InitialLambdas = Tuple[np.floating, np.floating, np.floating]


[docs]class SignificantWordsLM(ParsimoniousLM):
    """
    Language model that consists of three sub-models:

    - Corpus model: represents term probabilities in a (large) background collection;
    - Group model: parsimonious term probabilities in a group of documents;
    - Specific model: represents the same group, but is biased towards terms that
      occur with a high frequency in single docs, and a low frequency in others.

    References
    ----------
    M. Dehghani, H. Azarbonyad, J. Kamps, D. Hiemstra, and M. Marx (2016).
    `Luhn Revisited: Significant Words Language Models
    <https://djoerdhiemstra.com/wp-content/uploads/cikm2016.pdf>`_.
    Proc. CKIM'16.

    Parameters
    ----------
    documents : iterable over iterable of str terms
        All documents that should be included in the corpus model.
    lambdas : 3-tuple of float
        Weight of corpus, group, and specific models. Will be normalized
        if the weights in the tuple don't sum to one.
    thresh : int
        Don't include words that occur fewer than `thresh` times.

    Attributes
    ----------
    vocab : dict of term -> int
        Mapping of terms to numeric indices
    p_corpus : array of float
        Log probability of terms in background model (indexed by `vocab`)
    p_group : array of float
        Log probability of terms in the last processed group model
        (indexed by `vocab`)
    p_specific : array of float
        Log probability of terms in the last processed specific model
        (indexed by `vocab`)
    lambda_corpus : array of float
        Log probability (weight) of corpus model for documents
    lambda_group : array of float
        Log probability (weight) of group model for documents
    lambda_specific : array of float
        Log probability (weight) of specific model for documents

    See Also
    --------
    wayward.parsimonious.ParsimoniousLM : one-sided parsimonious model
    """

    def __init__(
            self,
            documents: Iterable[Iterable[str]],
            lambdas: InitialLambdas,
            thresh: int = 0
    ):
        """Collect the vocabulary and fit the background model."""
        self.initial_lambdas = self.normalize_lambdas(lambdas)
        super().__init__(documents, self.initial_lambdas[1], thresh=thresh)
        self.lambda_corpus: Optional[np.ndarray] = None
        self.lambda_group: Optional[np.ndarray] = None
        self.lambda_specific: Optional[np.ndarray] = None
        self.p_group: Optional[np.ndarray] = None
        self.p_specific: Optional[np.ndarray] = None
        self.fix_lambdas = False

[docs]    def group_top(
            self,
            k: int,
            document_group: Iterable[Iterable[str]],
            **kwargs
    ) -> List[Tuple[str, float]]:
        """
        Get the top `k` terms of a `document_group` and their probabilities.
        This is a shortcut to retrieve the top terms found by :py:meth:`~.fit_parsimonious_group`.

        Parameters
        ----------
        k : int
            Number of top terms to return.
        document_group : iterable over iterable of str terms
            All documents that should be included in the group model.
        kwargs
            Optional keyword arguments for :py:meth:`~.fit_parsimonious_group`.

        Returns
        -------
        t_p : list of (str, float)
            Terms and their probabilities in the group model.

        See Also
        --------
        SignificantWordsLM.fit_parsimonious_group
        """
        term_probabilities = self.fit_parsimonious_group(document_group, **kwargs)
        return nlargest(k, term_probabilities.items(), itemgetter(1))

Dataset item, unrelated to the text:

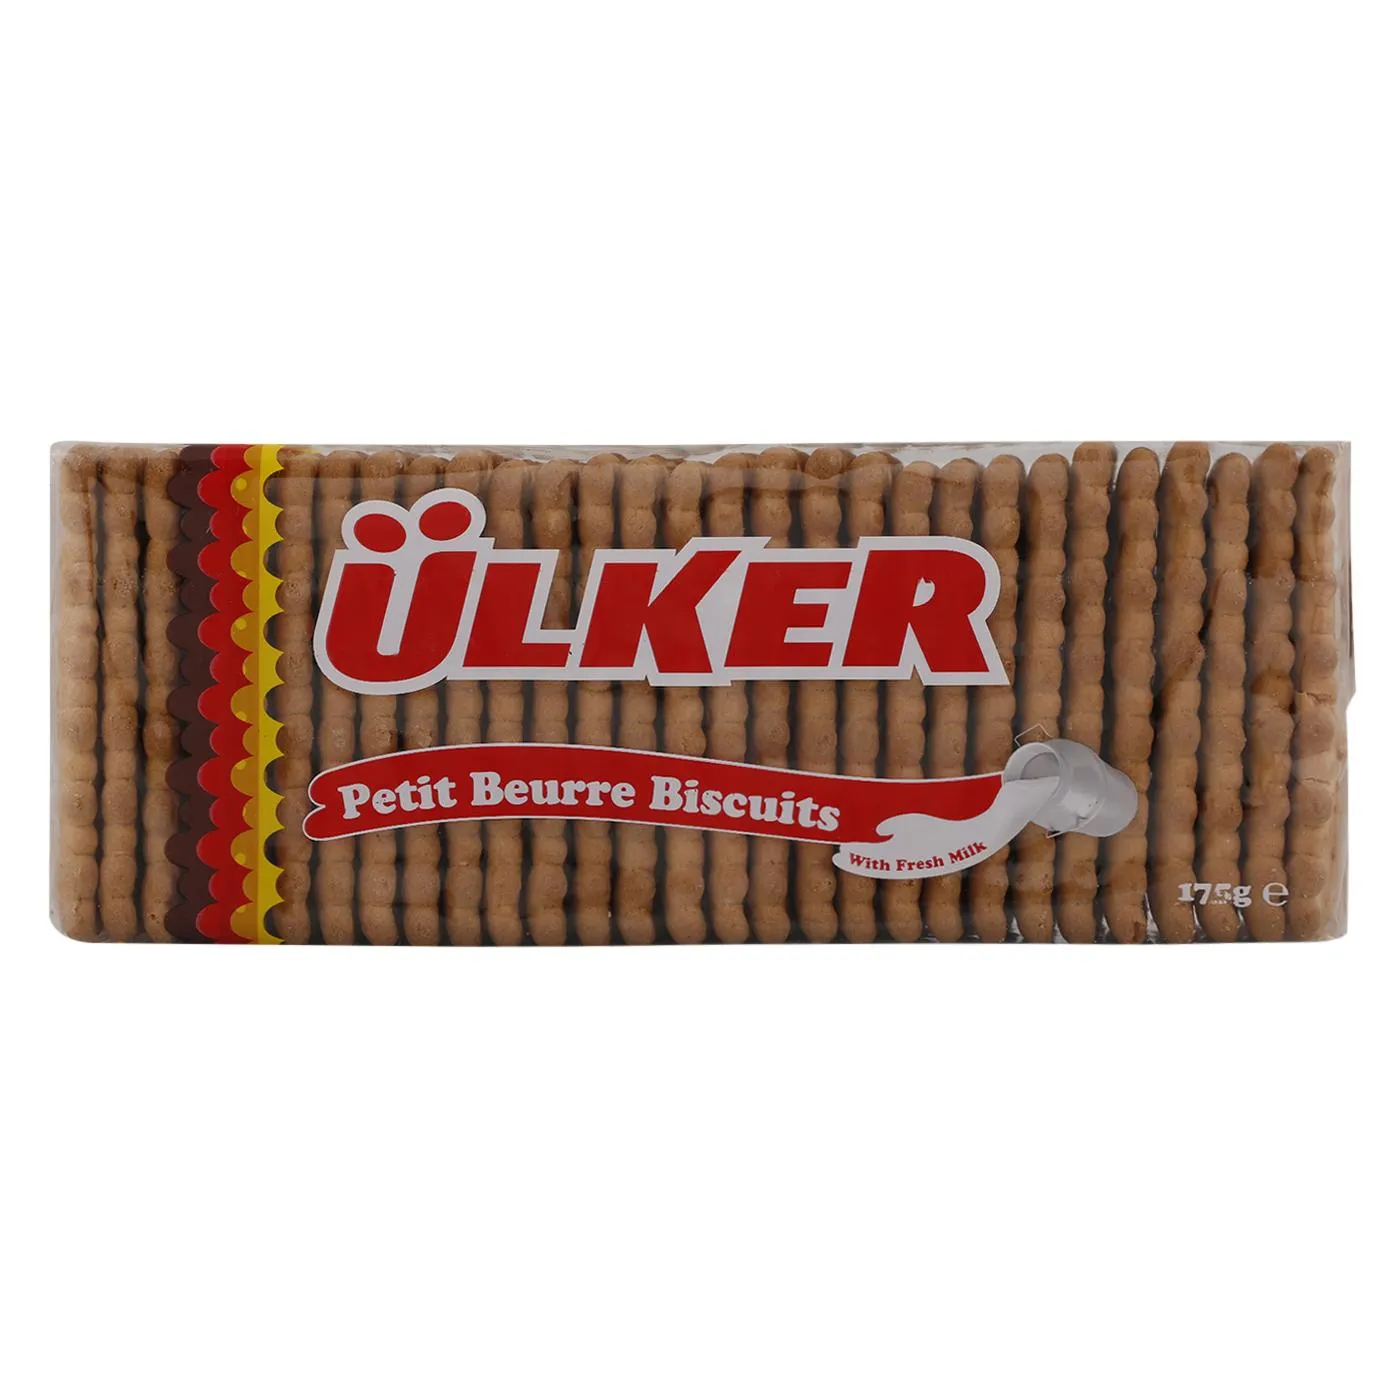 Ulker Petit Beurre Biscuits, 175 g (Pack of 16) - 01010040 (JBIE06BEA)

[docs]    def fit_parsimonious_group(
            self,
            document_group: Iterable[Iterable[str]],
            max_iter: int = 50,
            eps: float = 1e-5,
            lambdas: Optional[InitialLambdas] = None,
            fix_lambdas: bool = False,
            parsimonize_specific: bool = False,
            post_parsimonize: bool = False,
            specific_estimator: SpecificTermEstimator = mutual_exclusion
    ) -> Dict[str, float]:
        """
        Estimate a document group model, and parsimonize it against fixed
        corpus and specific models. The documents may be unseen, but any terms
        that are not in the vocabulary will be ignored.

        Parameters
        ----------
        document_group : iterable over iterable of str terms
            All documents that should be included in the group model.
        max_iter : int, optional
            Maximum number of iterations of EM algorithm to run.
        eps : float, optional
            Epsilon: convergence threshold for EM algorithm.
        lambdas : 3-tuple of float, optional
            Weight of corpus, group, and specific models. Will be normalized
            if the weights in the tuple don't sum to one.
        fix_lambdas : bool, optional
            Fix the weights of the three sub-models (i.e. don't estimate
            lambdas as part of the M-step).
        parsimonize_specific : bool, optional
            Bias the specific model towards uncommon terms before applying
            the EM algorithm to the group model. This generally results in
            a group model that stands out less from the corpus model.
        post_parsimonize : bool, optional
            Bias the group model towards uncommon terms after applying
            the EM algorithm. This may be used to compensate when the
            frequency of common terms varies much between the documents
            in the group.
        specific_estimator : callable, optional
            Function that estimates the specific terms model based on
            the document term frequencies of the doc group.

        Returns
        -------
        t_p_map : dict of term -> float
            Dictionary of terms and their probabilities in the group model.
        """
        if lambdas is None:
            lambdas = self.initial_lambdas
        else:
            lambdas = self.normalize_lambdas(lambdas)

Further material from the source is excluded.